UK - Only three FTSE100 companies - Cadbury, Diageo and Tesco - still offer defined benefit pension schemes to new employees, Lane Clark & Peacock research revealed.
The consultant's 16th annual Accounting for Pensions survey also calculated that had new International Accounting Standards Board proposals to include pension-related losses and gains on company income statements been in force for 2008, aggregate profits for the FTSE100 companies reporting in December 2008 would have been slashed by 70% - from £46bn (US$78.2bn) to £13bn - due almost entirely to falling equity markets.
The survey also revealed the top publicly listed schemes had seen their deficit more than double to £96bn in mid-July from just £41bn a year ago.
And it said the fallout from the collapse of Lehman Brothers hit pension scheme assets particularly hard.
LCP partner Bob Scott said: "The collapse of Lehman Brothers in September 2008 had a significant impact on the UK pension schemes of FTSE 100 companies. Asset values fell sharply yet, paradoxically, the effect did not show up immediately in company accounts as corporate bond yields rose and inflation expectations fell.
"However, since March this year, deficits have ballooned as aggressive cuts in interest rates and quantitative easing have caused these factors to reverse."

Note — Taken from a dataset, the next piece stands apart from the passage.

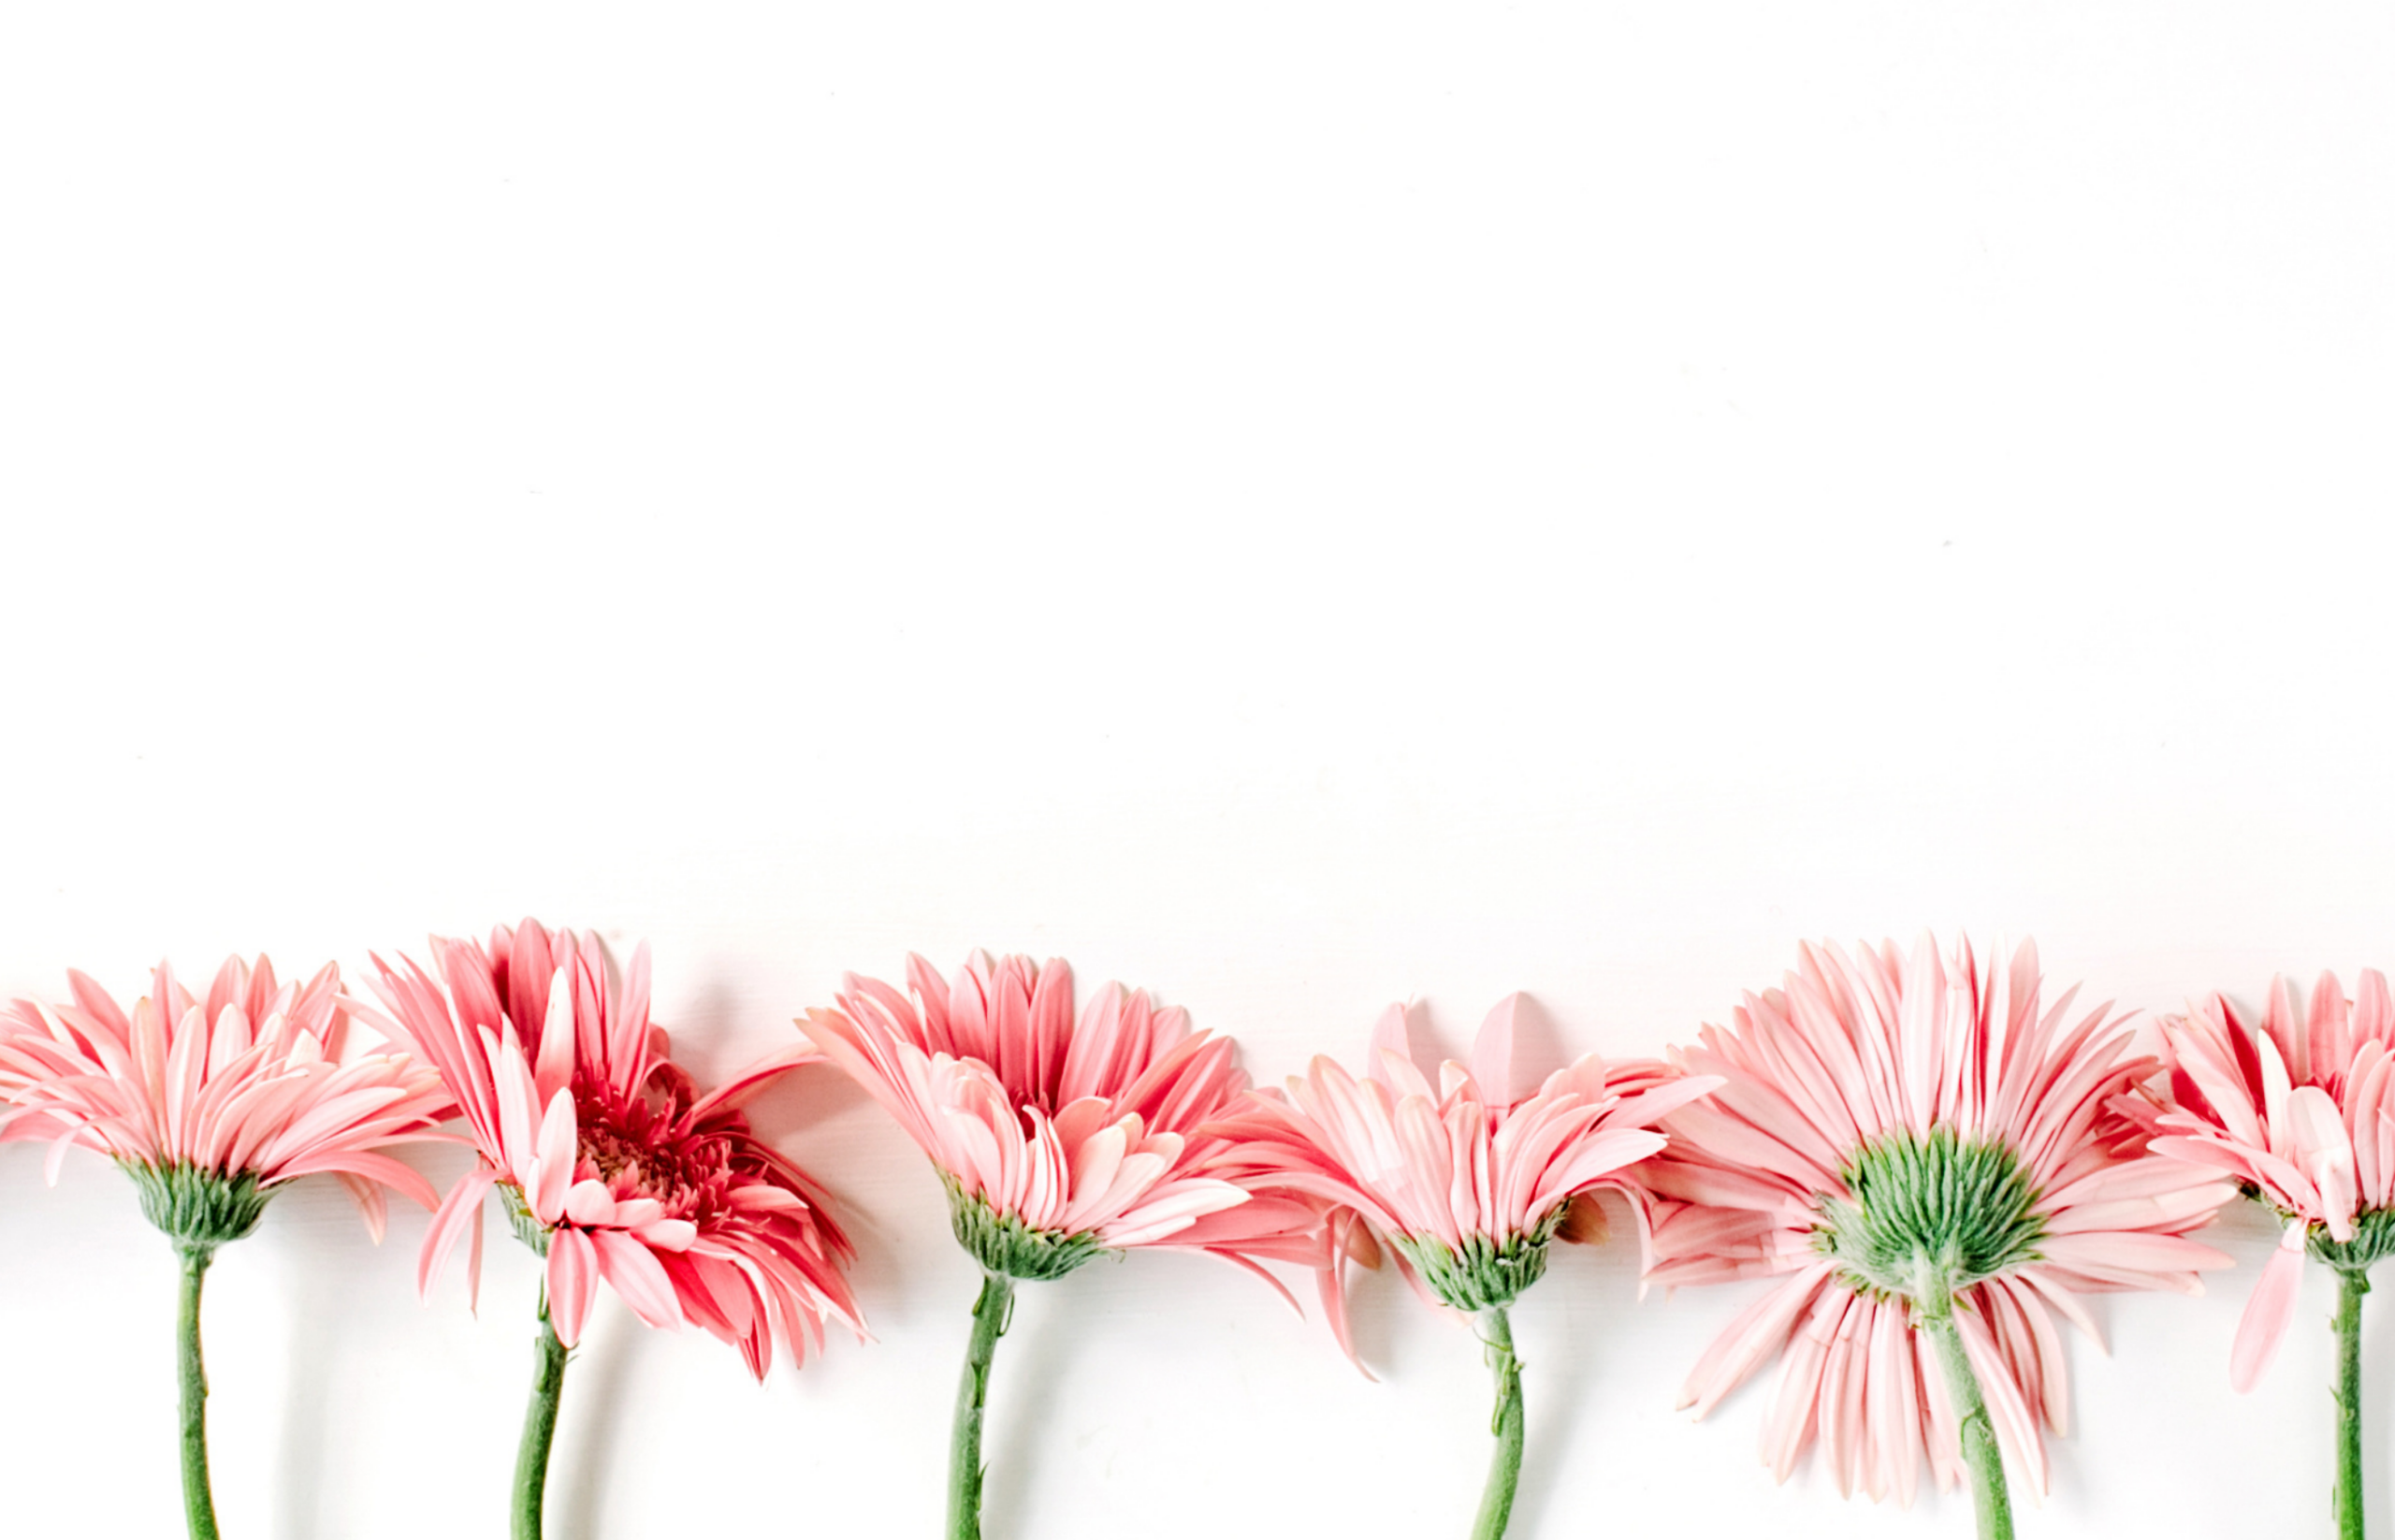 Floral Desktop Wallpaper: 35 Gorgeous Desktop Backgrounds

He said: "Looking ahead, the outlook for the economy and financial markets remains unclear, creating further uncertainty for pension scheme finances. Those companies which work with their pension scheme trustees to identify and reduce pensions risk will be better placed to weather any future financial storms than those which fail to act."
LCP additionally said some companies may be paying insufficient attention to their pension risks.
It's survey found that, while 46 FTSE100 companies identify pensions as a key risk to their business, only 17 set out a policy in their report and accounts for dealing with pension risk.
It said was "very different" to the comprehensive approach taken by all FTSE100 companies to their other financial risks, such as changing fuel prices or foreign currency exchange rates, where there is full disclosure on risk management.